Я прерываю траур. Пишу тебе эти строки в своем обычном черном облачении. Но завтра, когда это письмо окажется в руках почтальона, я буду наливать утренний чай в простом ситцевом платье, которое на днях закончила. Оно бледно-голубое, именно этот цвет всегда так нравился Джону.
Хочу, чтобы ты знала, Фанни, я делаю это и для тебя. Помню наш первый откровенный разговор, который состоялся спустя два года после смерти Джона, когда ты приехала погостить к нам.
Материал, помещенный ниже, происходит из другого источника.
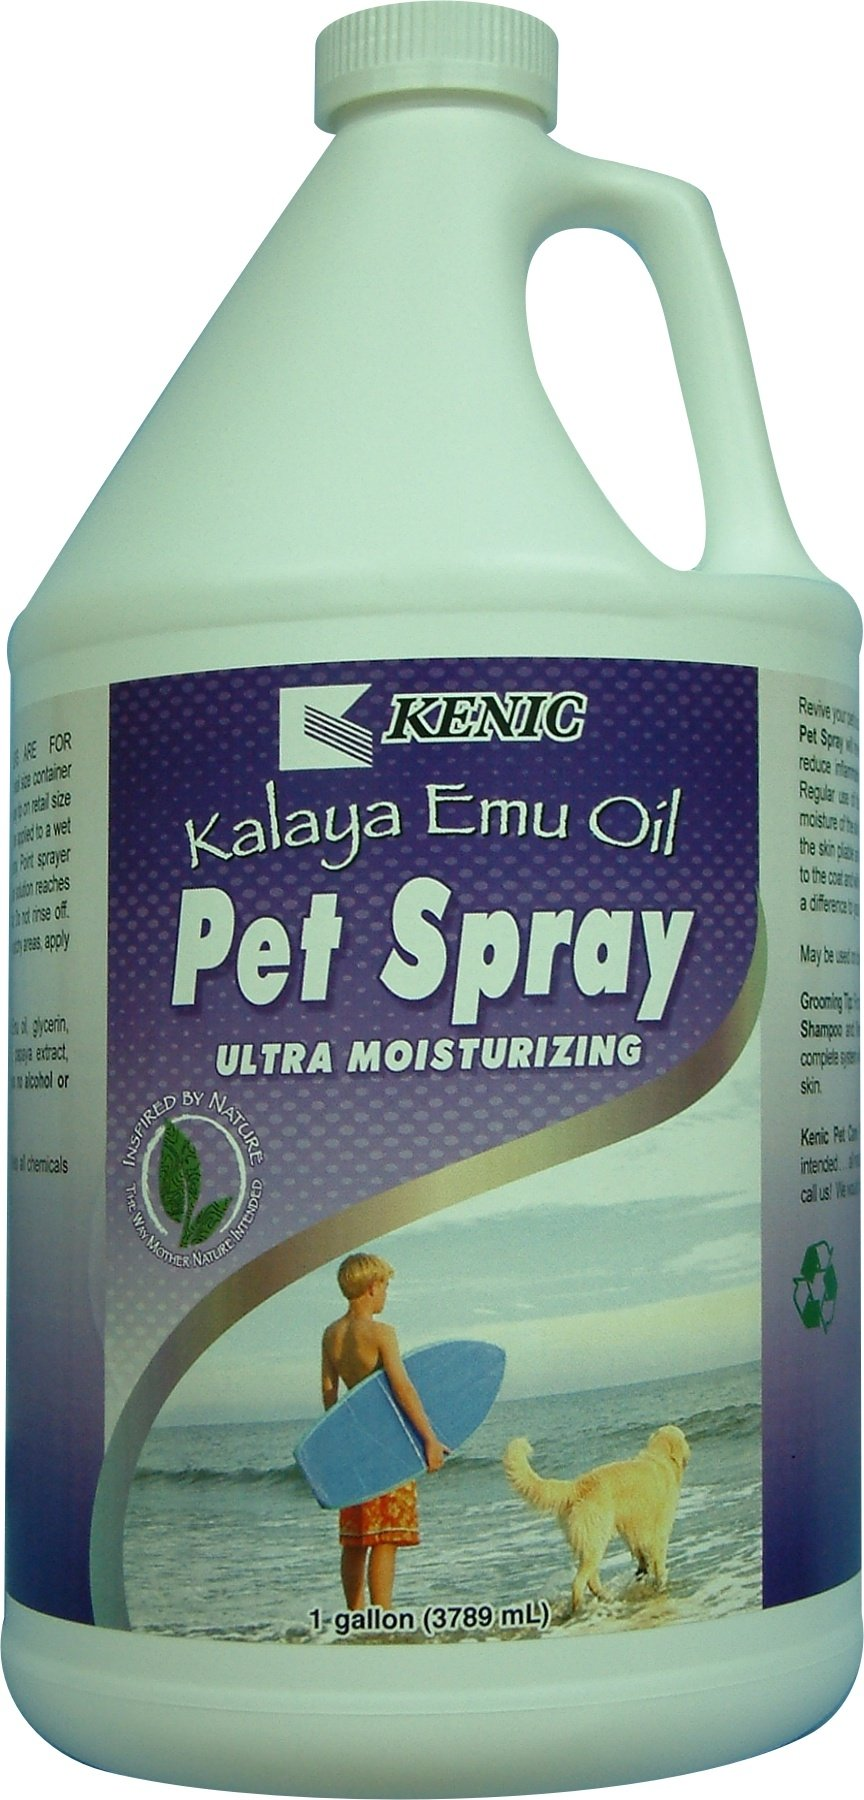 Kenic Kalaya Emu Oil Pet Spray, 1-Gallon by Kenic

Помнишь, ты сказала, что я не могу скорбеть вечно? Что ради памяти твоего брата я должна быть счастлива? Я потихоньку выполняю твою волю.
Не знаю, принесет ли мне счастье это бледно-голубое платье. Не знаю даже, нужно ли мне счастье».
Закончив письмо и запечатав конверт, Фанни подошла к зеркалу. За шесть лет траура она едва ли подходила к нему. А ведь раньше она так любила вертеться перед зеркалом, примерять шляпки и наряды, и любоваться своим отражением. И вот впервые незамужняя 27-летняя мисс Борн внимательно вглядывалась в свое отражение.
Из зеркальных глубин на нее смотрела изможденная девушка в строгом черном платье. Когда-то у нее, как у младшей сестрички Маргарет сейчас, был румянец и при улыбке появлялись очаровательные ямочки на щеках. Теперь кожа потускнела и нос стал как будто острее, отчего лицо приобрело неприветливое, строгое выражение. Она стянула с головы чепец и густые темные пряди волос рассыпались по плечам…
«Хорошенькая старая дева», — подумала Фанни и задула свечу. Ей так хотелось спать, но сон, как назло не шел. Она пыталась думать о предстоящем дне, но мысли вновь и вновь возвращались к Джону и ее недолгой помолвке.
…Джон Китс как жених для нее был невыгодной партией во всех отношениях. Его печатали, но издатели были не в восторге от того, как продавались сборники стихов поэта.
К тому же, каждый уважающий себя критик, кажется, считал своим долгом очернить его творчество. Лорд Байрон называл его «маленьким черномазым бездельником», намекая на его низкое происхождение — Китс был сыном служителя конюшен.
Ему бы искать богатую невесту, состояние которой бы позволило Джону пережить период безвестности, но он, как нарочно, влюбился в Фанни.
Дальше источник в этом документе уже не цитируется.